Task prompt - Starting at the line that contains "Publication: Exit Magazine" and ending at the line that contains "Free The Legend", the lines below are to be given again exactly, with nothing added.

[Source records]
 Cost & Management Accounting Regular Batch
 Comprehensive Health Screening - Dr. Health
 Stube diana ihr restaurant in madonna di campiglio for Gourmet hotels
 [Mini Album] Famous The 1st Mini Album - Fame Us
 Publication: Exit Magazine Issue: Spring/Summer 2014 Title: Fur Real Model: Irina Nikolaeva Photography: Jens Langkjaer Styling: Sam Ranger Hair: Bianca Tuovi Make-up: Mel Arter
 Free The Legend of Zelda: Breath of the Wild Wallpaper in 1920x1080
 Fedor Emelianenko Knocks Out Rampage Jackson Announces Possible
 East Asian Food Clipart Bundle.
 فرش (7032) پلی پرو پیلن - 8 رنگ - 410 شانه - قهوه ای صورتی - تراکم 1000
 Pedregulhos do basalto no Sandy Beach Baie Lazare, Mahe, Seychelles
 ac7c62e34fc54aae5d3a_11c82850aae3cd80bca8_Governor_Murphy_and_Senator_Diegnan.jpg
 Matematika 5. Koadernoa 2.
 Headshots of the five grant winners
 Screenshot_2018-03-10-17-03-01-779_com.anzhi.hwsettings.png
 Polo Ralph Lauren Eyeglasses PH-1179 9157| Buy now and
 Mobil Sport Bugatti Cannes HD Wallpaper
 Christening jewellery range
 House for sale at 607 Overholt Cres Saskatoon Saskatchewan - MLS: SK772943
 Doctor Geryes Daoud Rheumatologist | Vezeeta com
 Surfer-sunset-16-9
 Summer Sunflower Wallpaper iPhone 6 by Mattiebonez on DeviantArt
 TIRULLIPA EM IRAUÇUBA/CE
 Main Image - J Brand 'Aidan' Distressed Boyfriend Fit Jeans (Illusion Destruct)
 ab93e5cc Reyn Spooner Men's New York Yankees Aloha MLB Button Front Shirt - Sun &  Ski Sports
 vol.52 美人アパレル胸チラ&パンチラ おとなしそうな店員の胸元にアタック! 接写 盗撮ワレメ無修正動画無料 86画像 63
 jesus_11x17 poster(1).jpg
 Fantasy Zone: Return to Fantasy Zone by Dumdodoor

Answer for this exercise -
 Publication: Exit Magazine Issue: Spring/Summer 2014 Title: Fur Real Model: Irina Nikolaeva Photography: Jens Langkjaer Styling: Sam Ranger Hair: Bianca Tuovi Make-up: Mel Arter
 Free The Legend of Zelda: Breath of the Wild Wallpaper in 1920x1080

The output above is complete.